### EXERCISE DESCRIPTION
The expected output is every line of the data exactly as shown, minus the images.

### PROVIDED MATERIAL
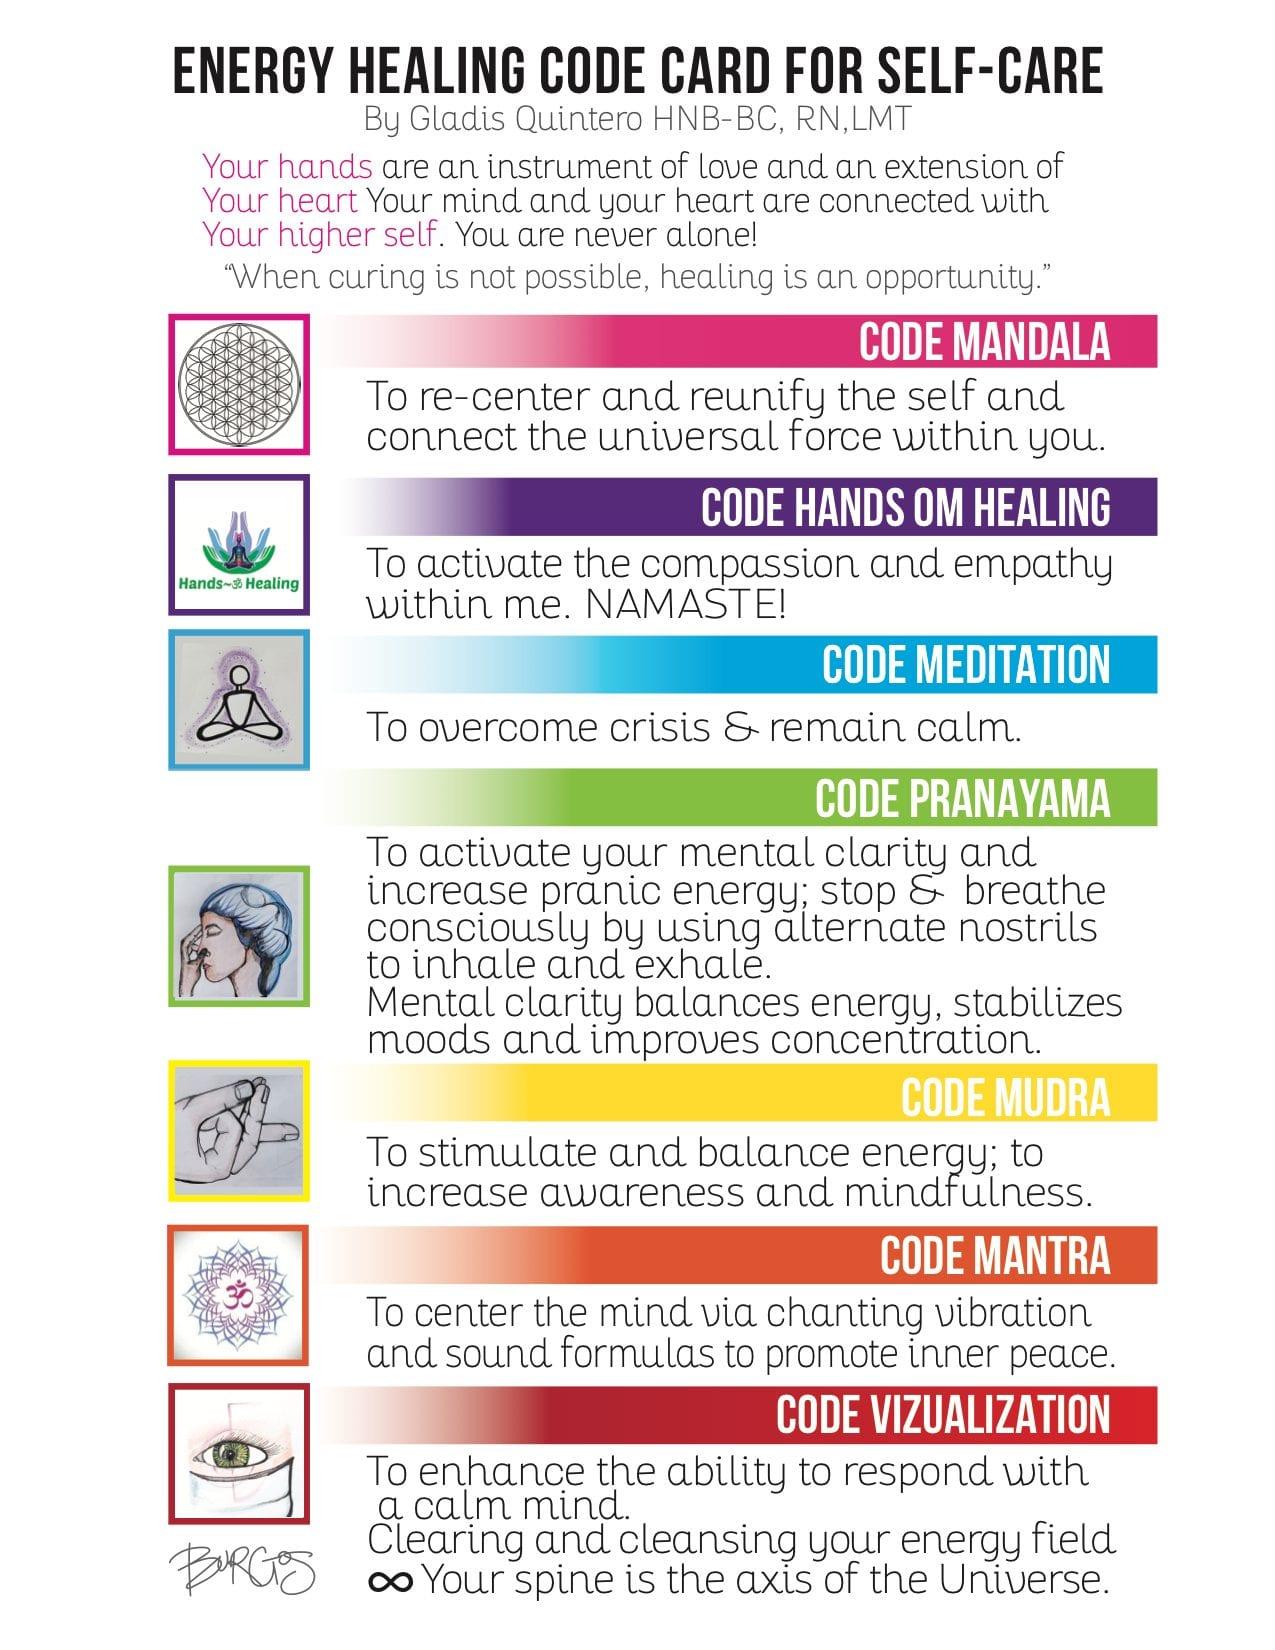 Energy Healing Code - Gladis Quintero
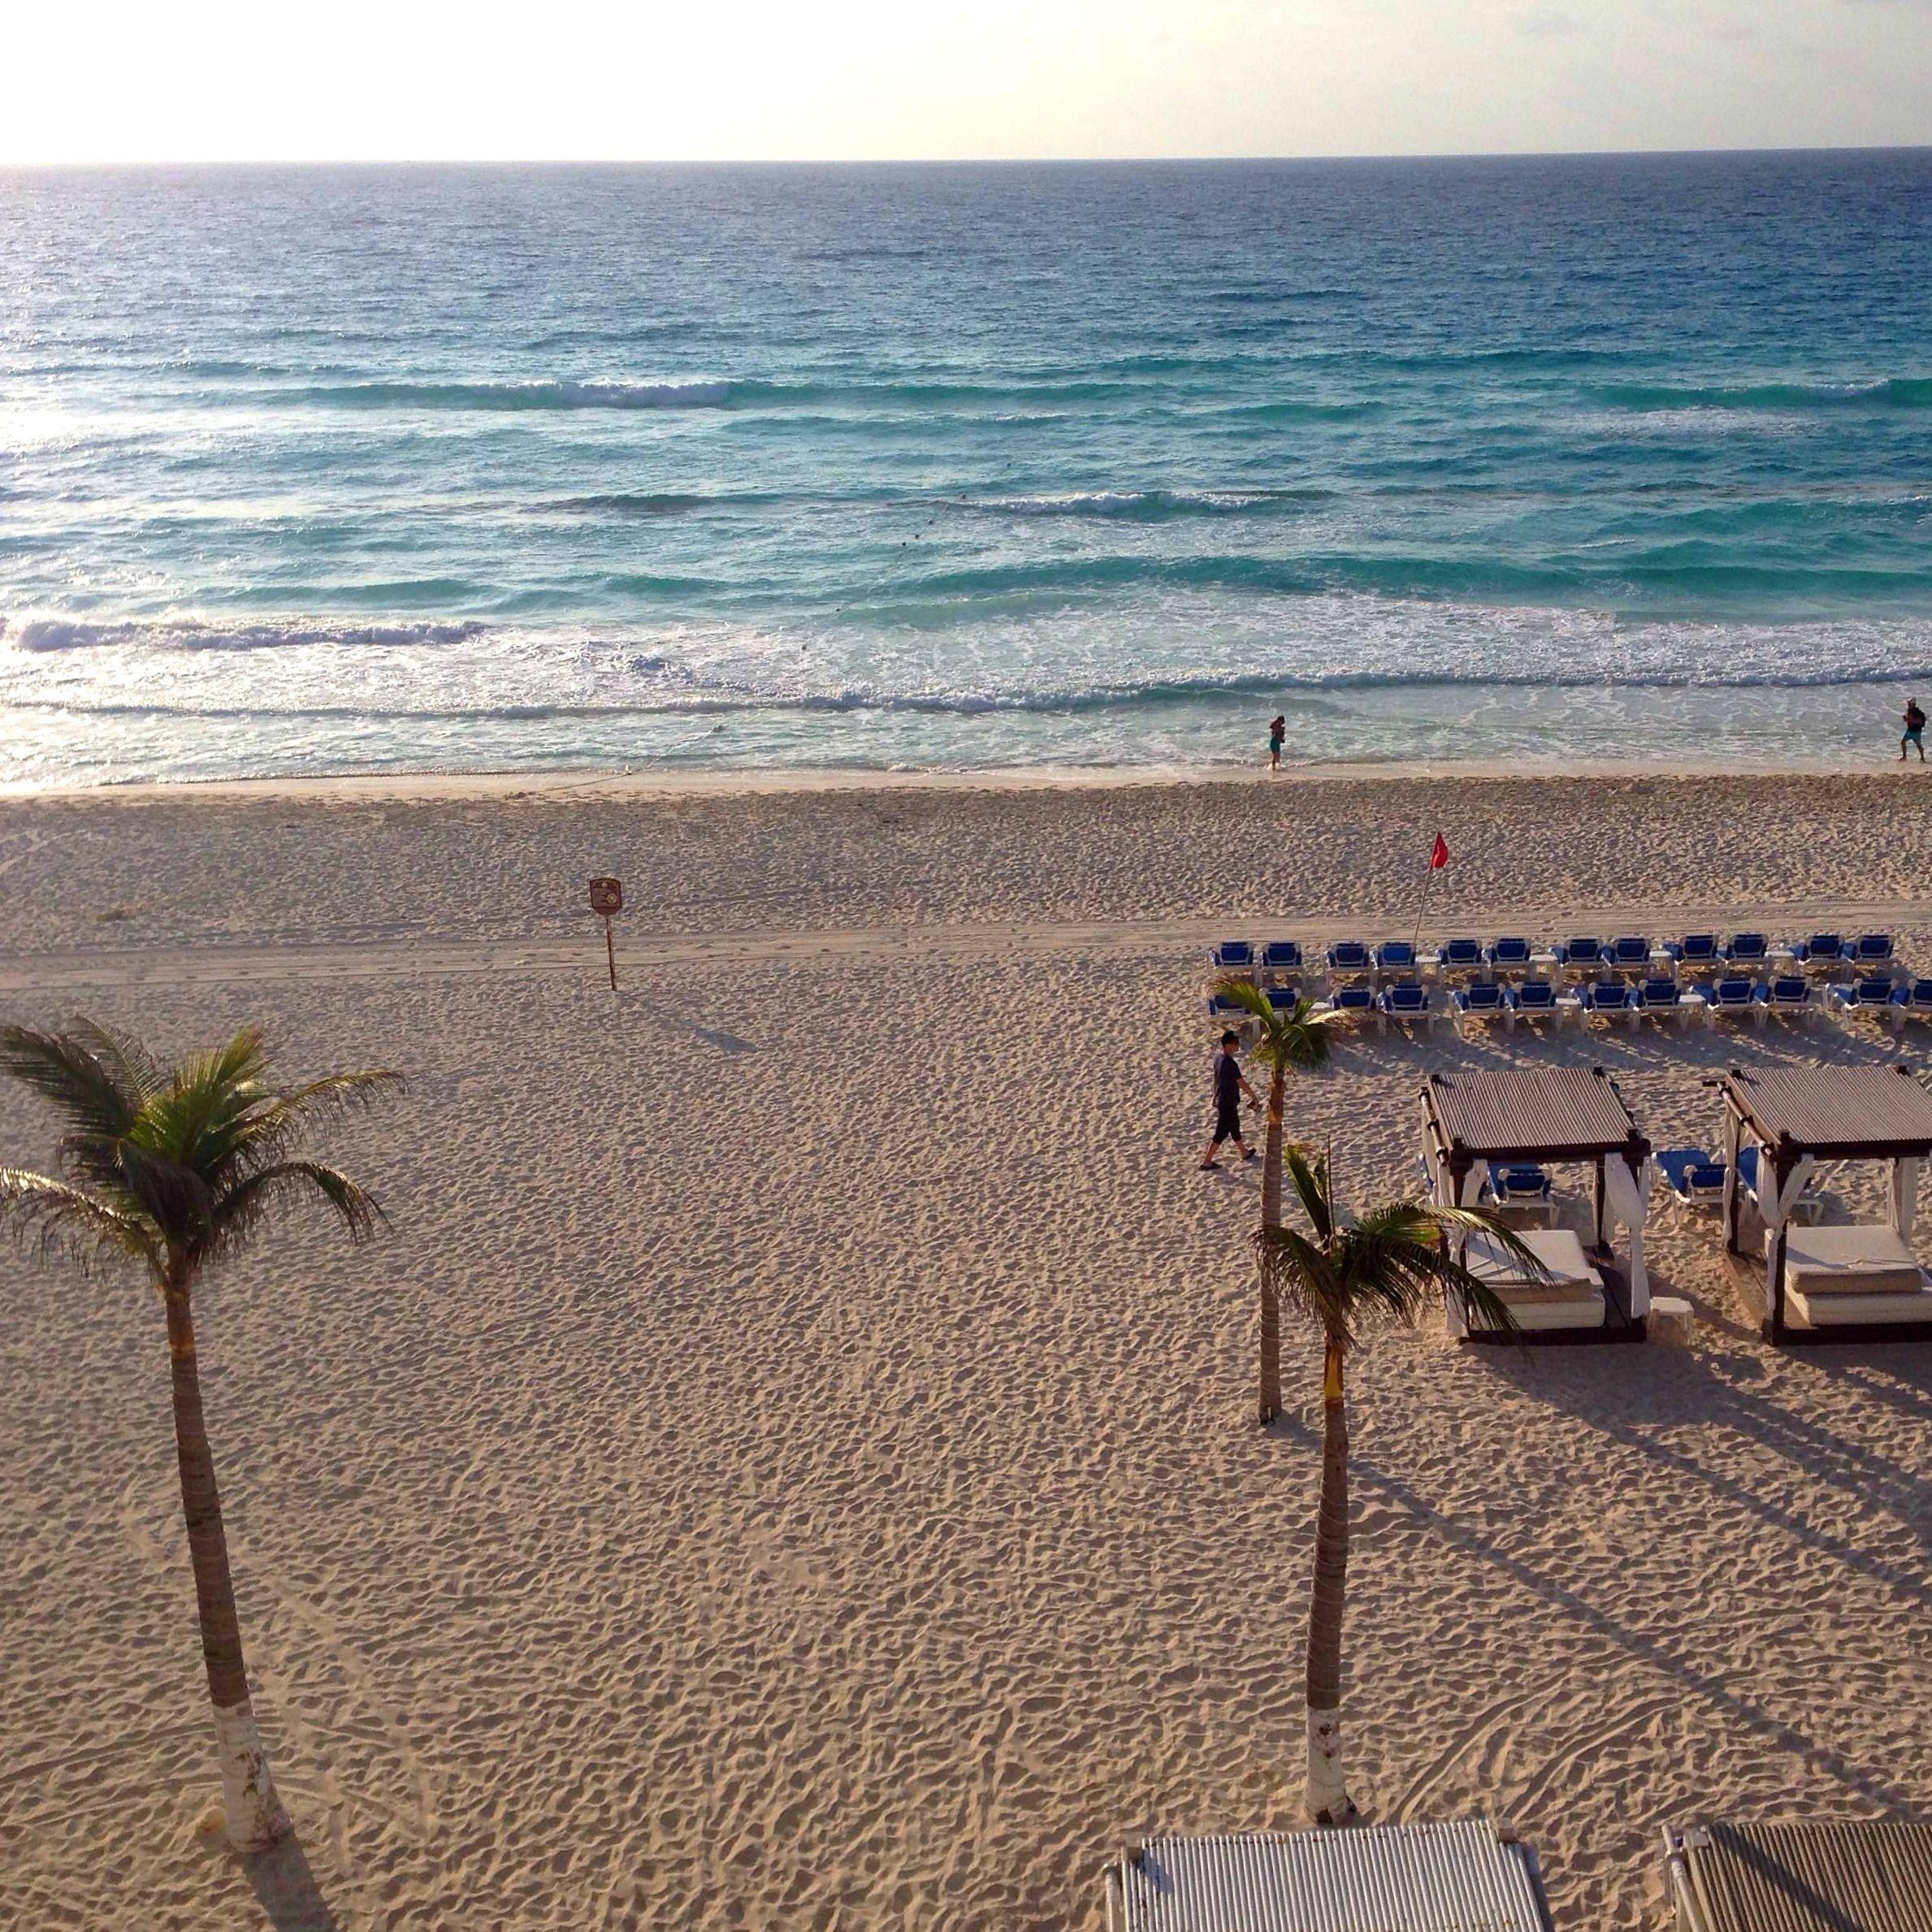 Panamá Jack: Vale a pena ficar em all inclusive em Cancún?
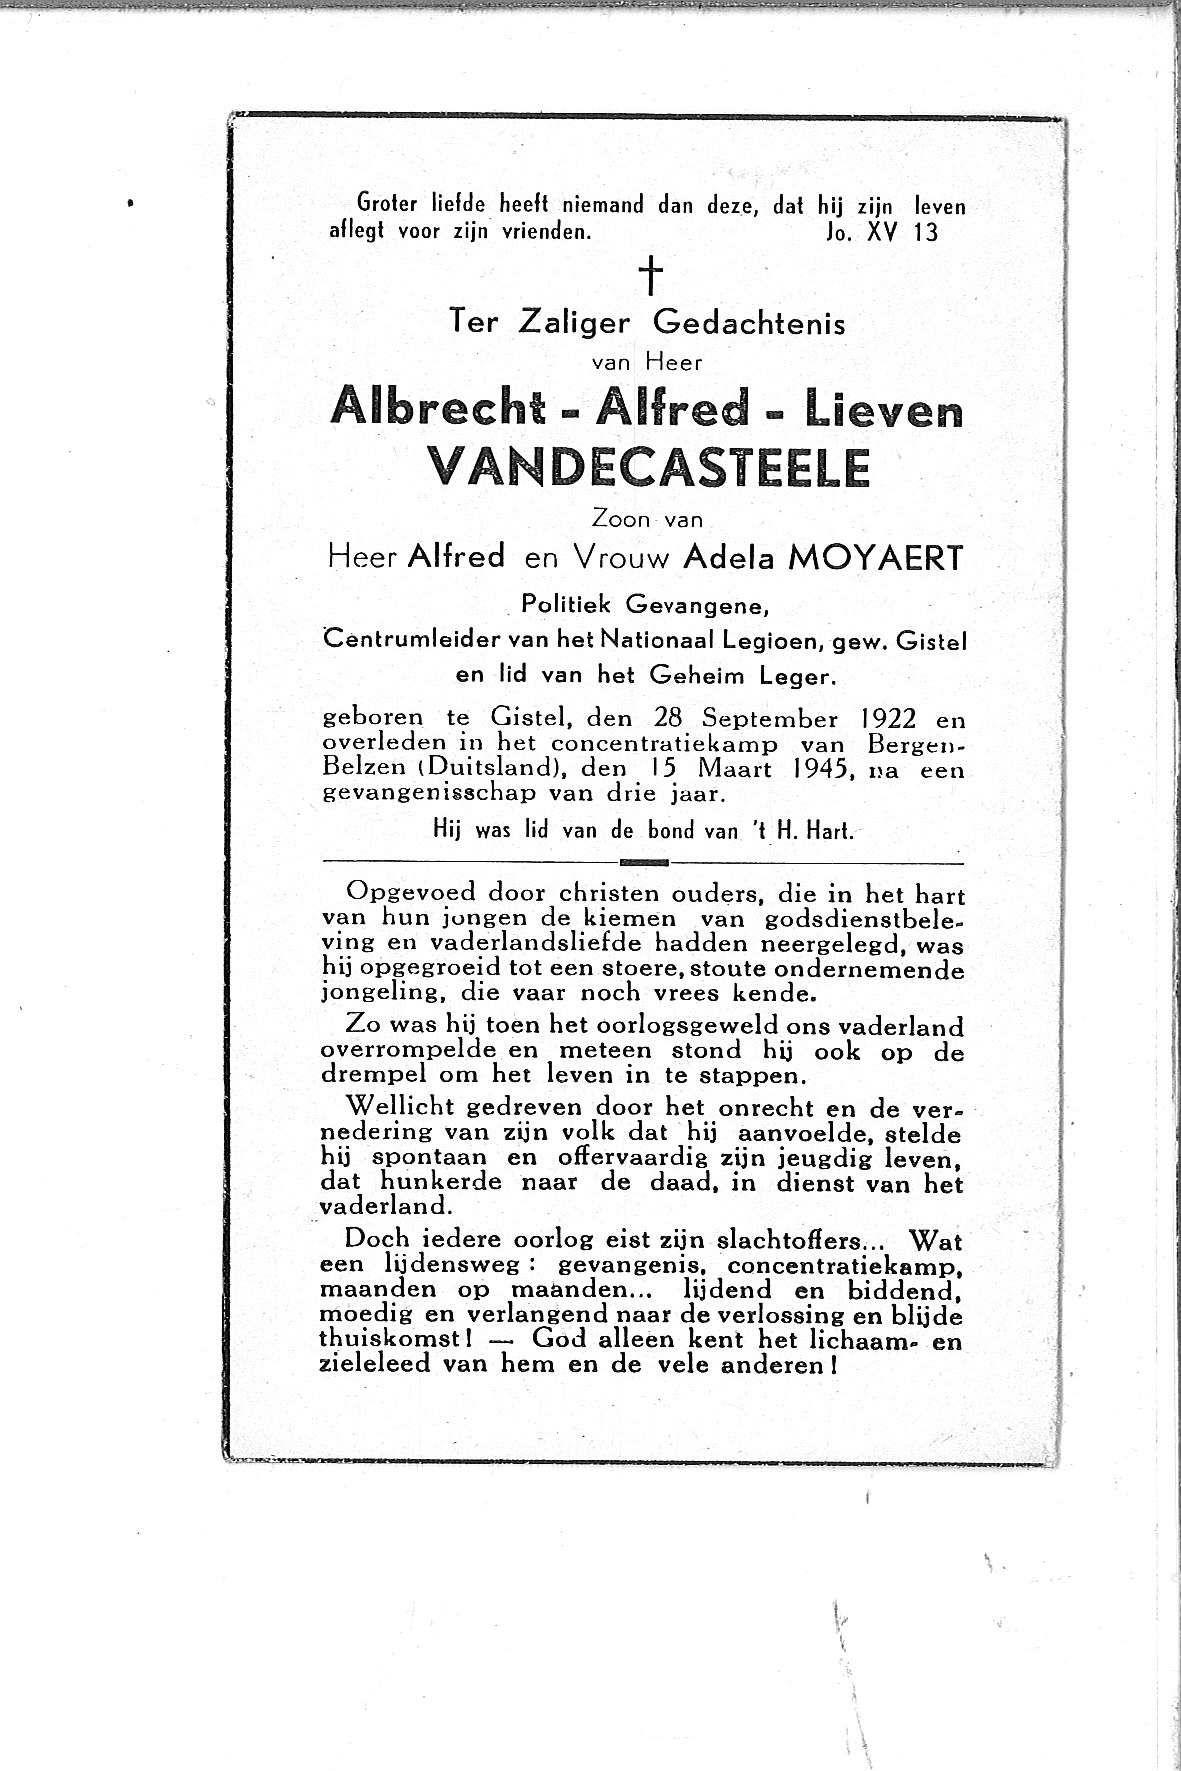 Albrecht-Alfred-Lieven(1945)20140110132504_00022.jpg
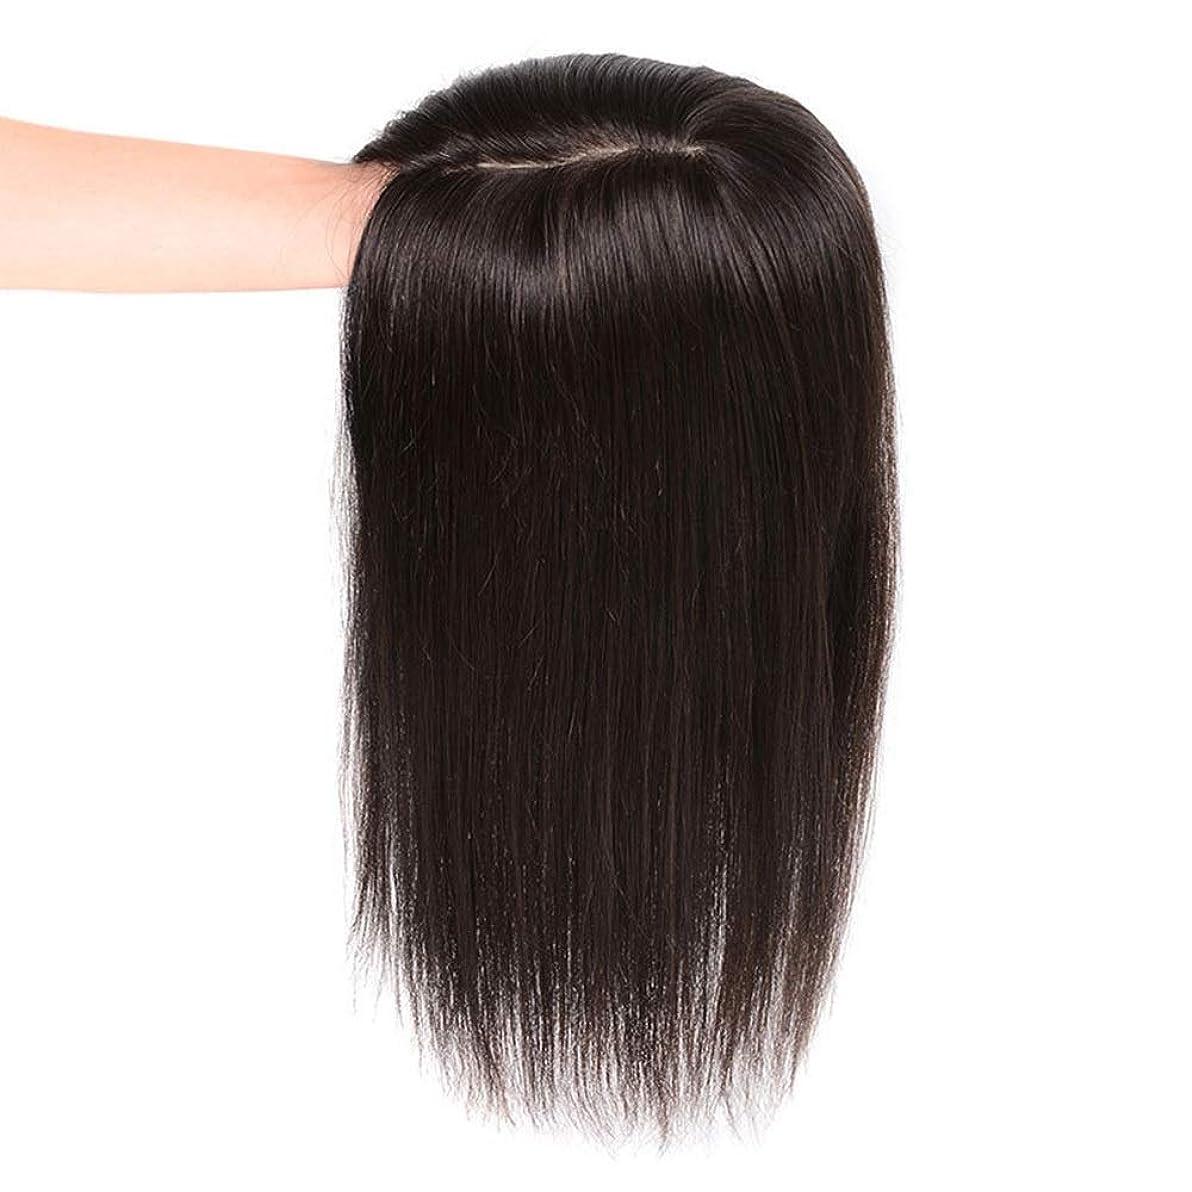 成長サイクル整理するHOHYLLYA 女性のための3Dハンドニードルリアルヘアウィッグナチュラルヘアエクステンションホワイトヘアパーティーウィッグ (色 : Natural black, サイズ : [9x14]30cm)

### WORKED SOLUTION
 Energy Healing Code - Gladis Quintero
 Panamá Jack: Vale a pena ficar em all inclusive em Cancún?
 Albrecht-Alfred-Lieven(1945)20140110132504_00022.jpg
 成長サイクル整理するHOHYLLYA 女性のための3Dハンドニードルリアルヘアウィッグナチュラルヘアエクステンションホワイトヘアパーティーウィッグ (色 : Natural black, サイズ : [9x14]30cm)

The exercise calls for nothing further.